--- Supplied data Enclosed Below ---

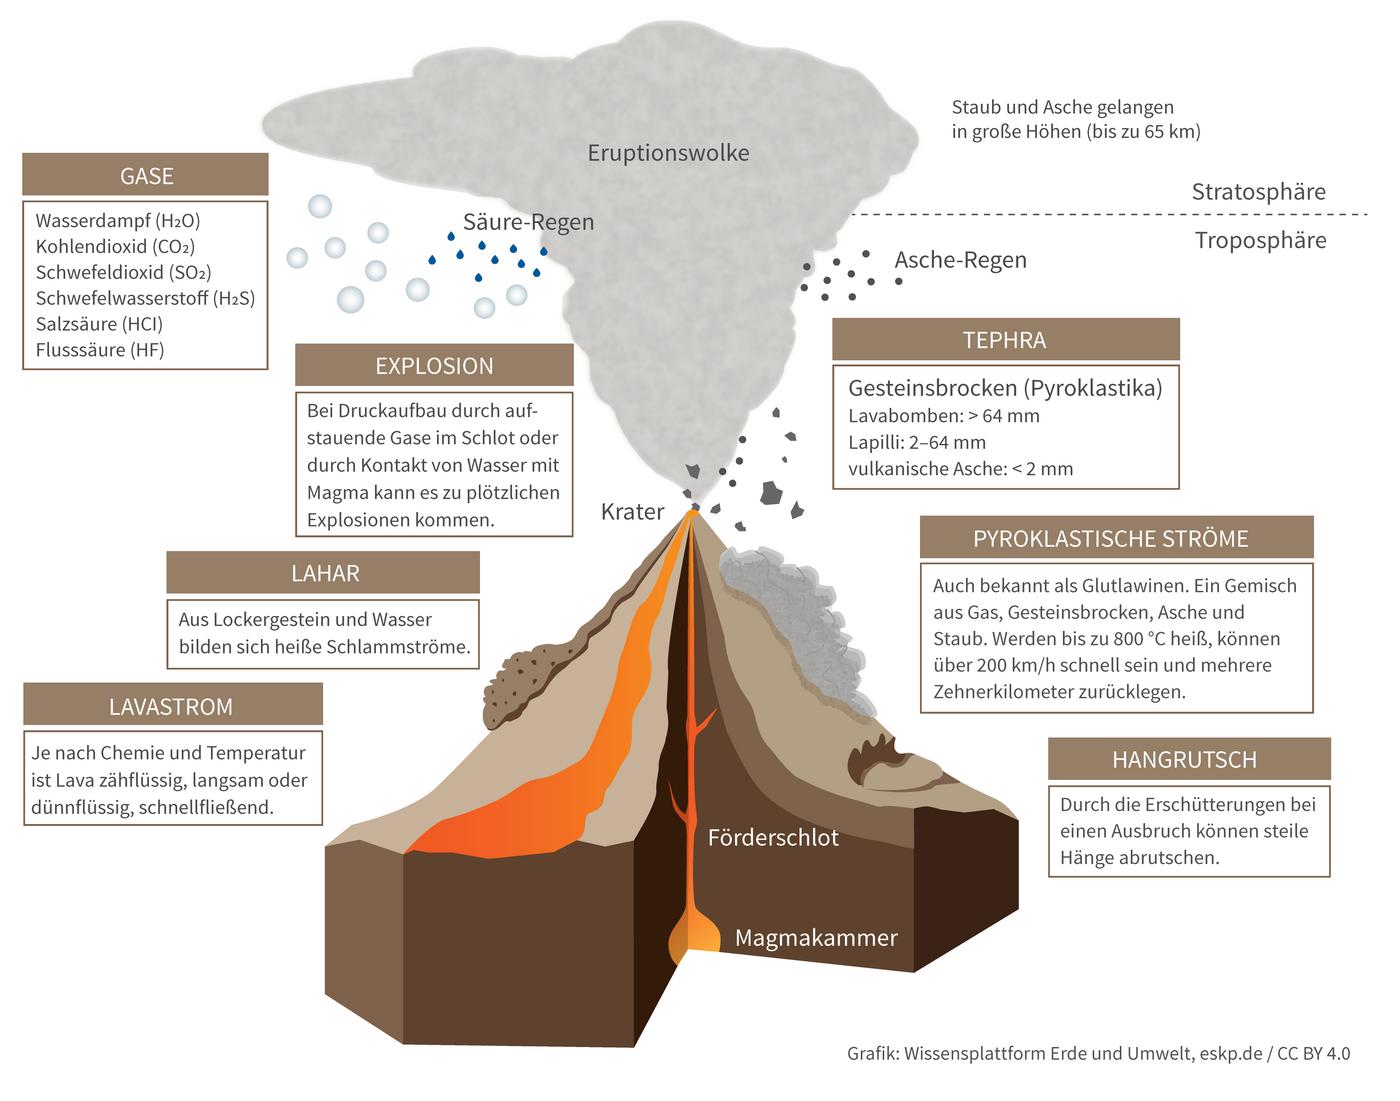 Übersicht über die Eruptionsprodukte bei Vulkanausbrüchen. (Grafik: Wissensplattform Erde und Umwel
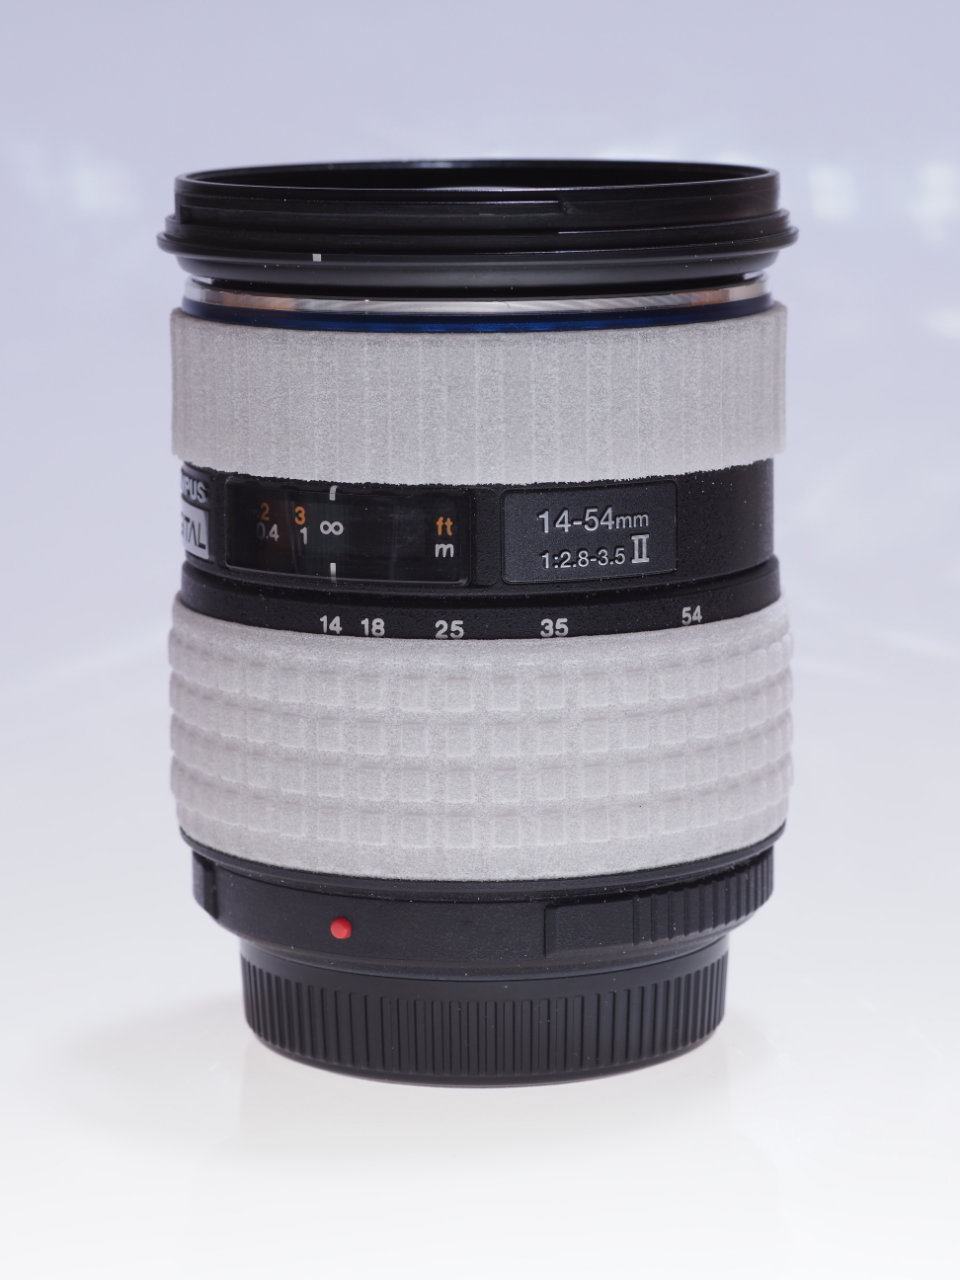 Olympus Zuiko 14-54mm II mit 3D gedrucktem Zoom- und Fokusring
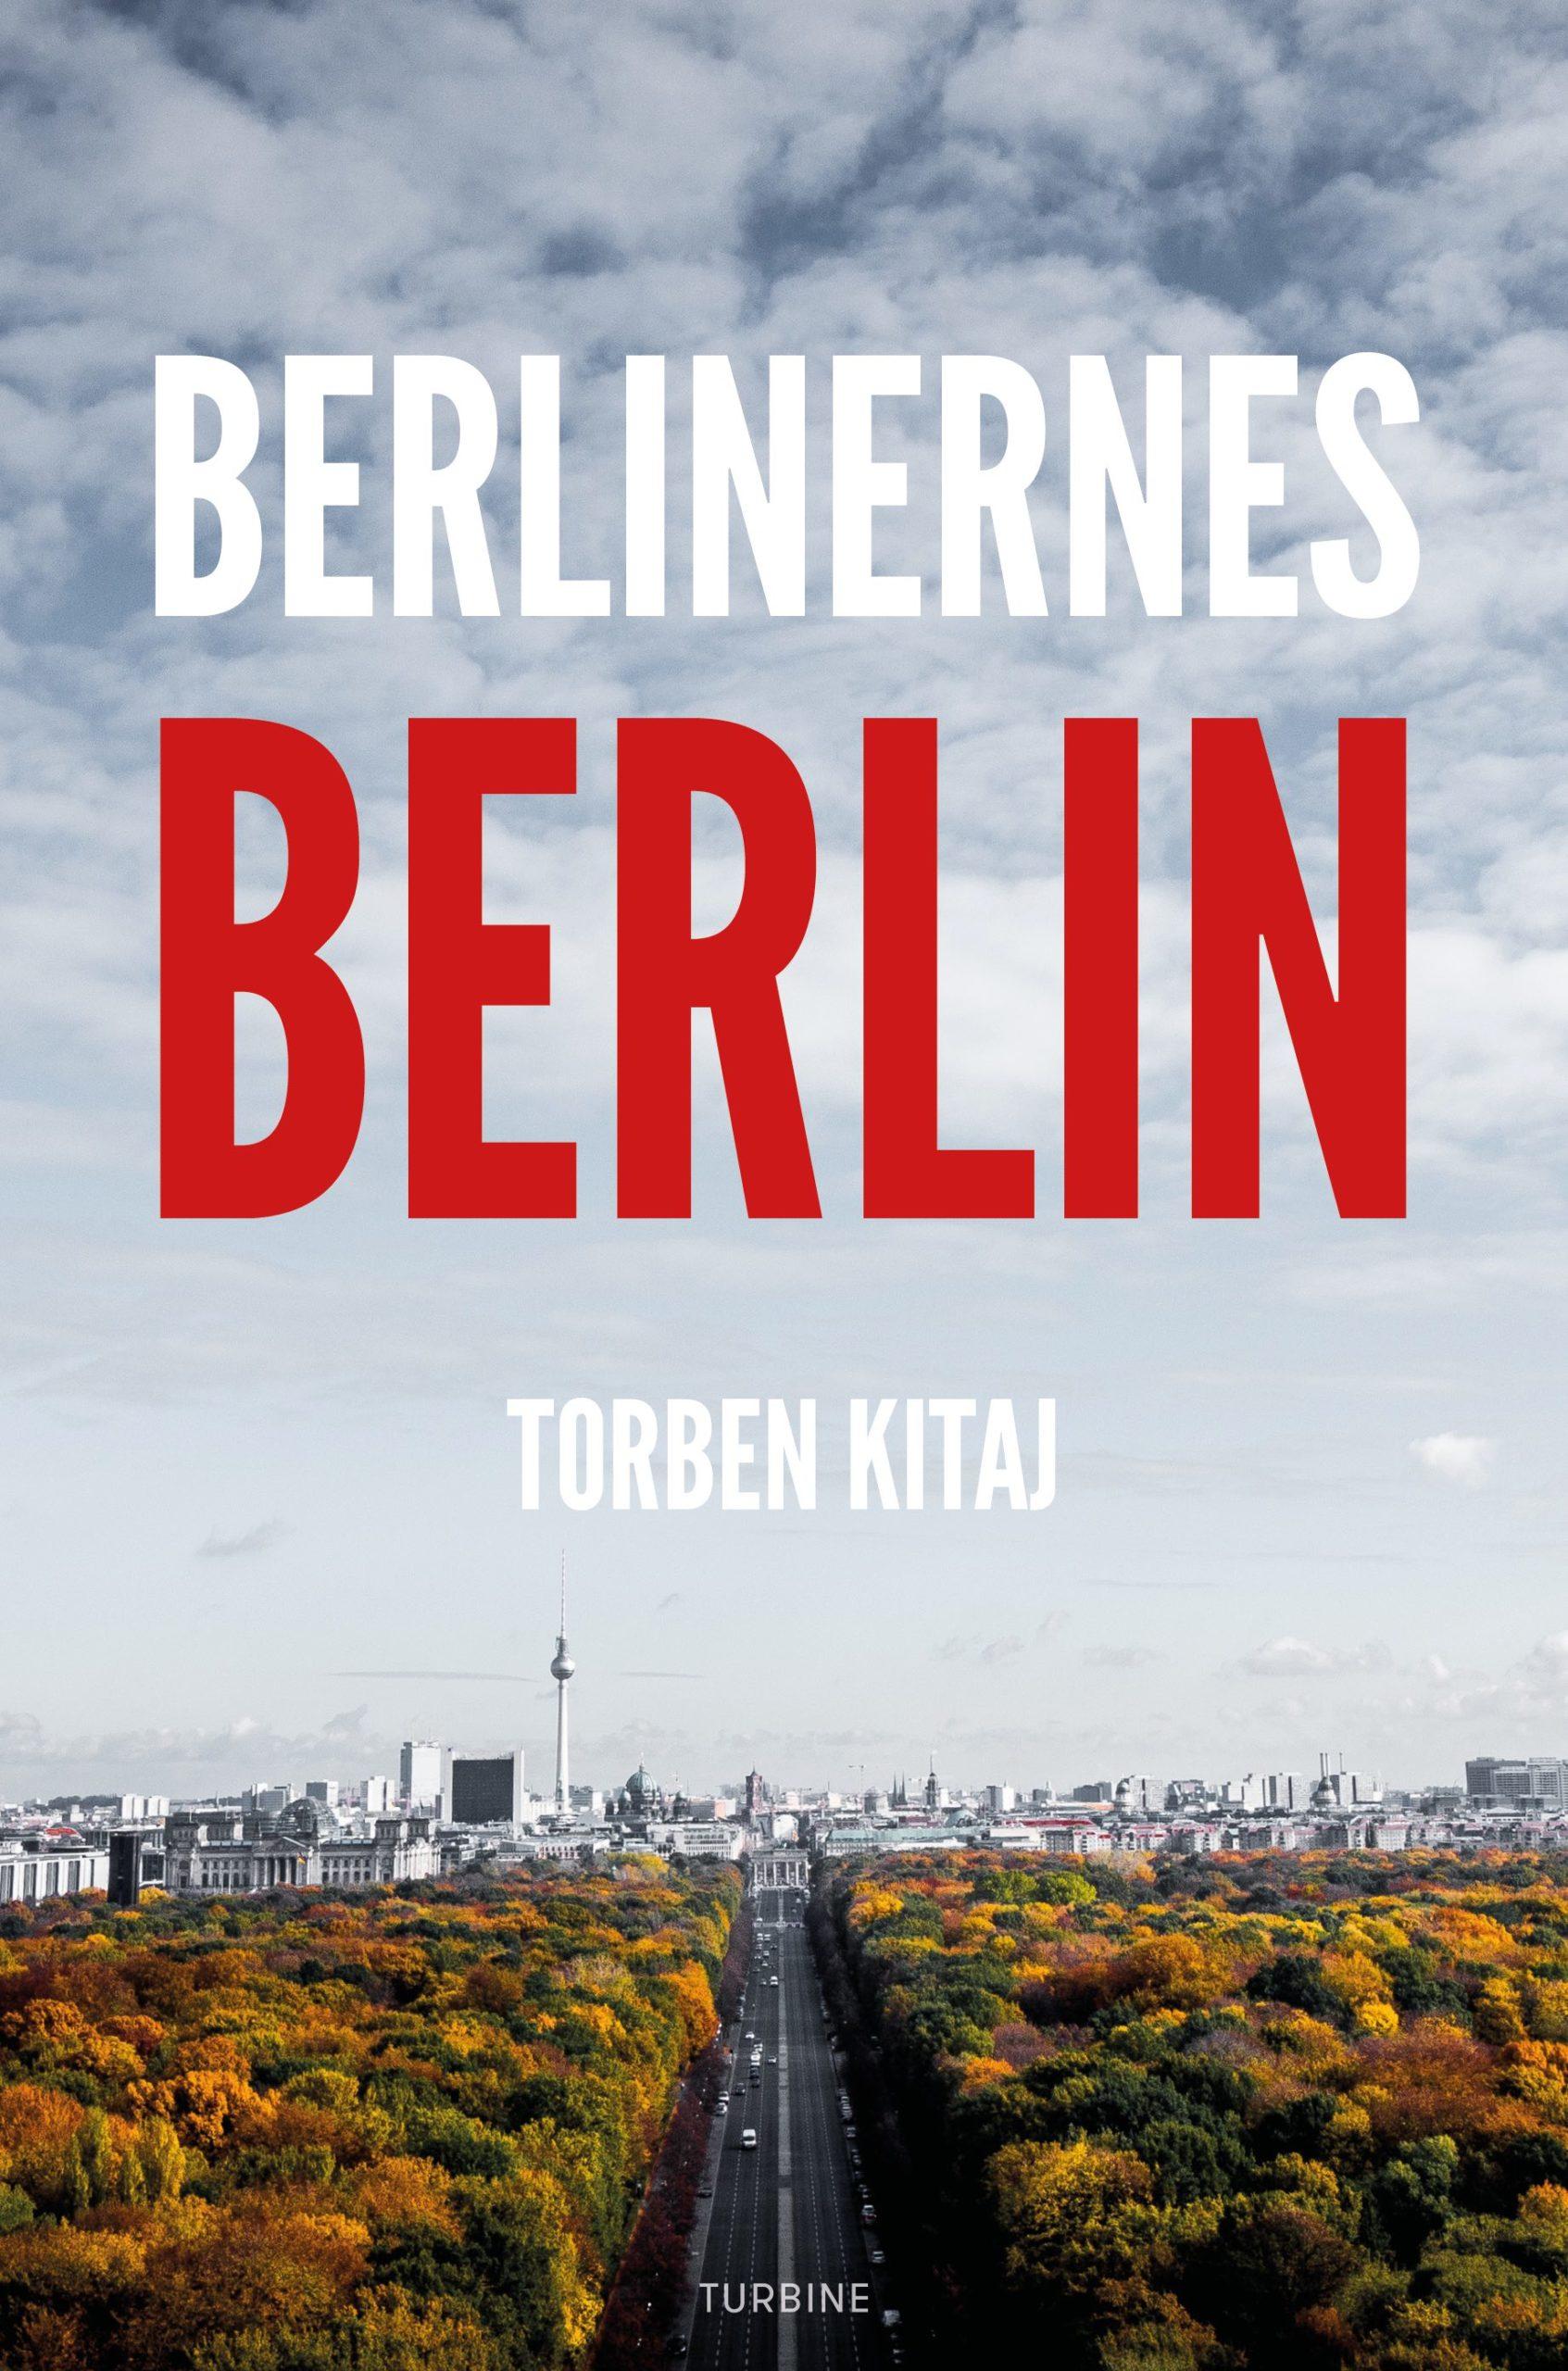 Torben_Kitaj

--- End of Enclosed Supplied data ---

Without including any pictures, set down word for word every line from the one containing "Olympus Zuiko 14-54mm" through the last line of the material.

 Olympus Zuiko 14-54mm II mit 3D gedrucktem Zoom- und Fokusring
 Torben_Kitaj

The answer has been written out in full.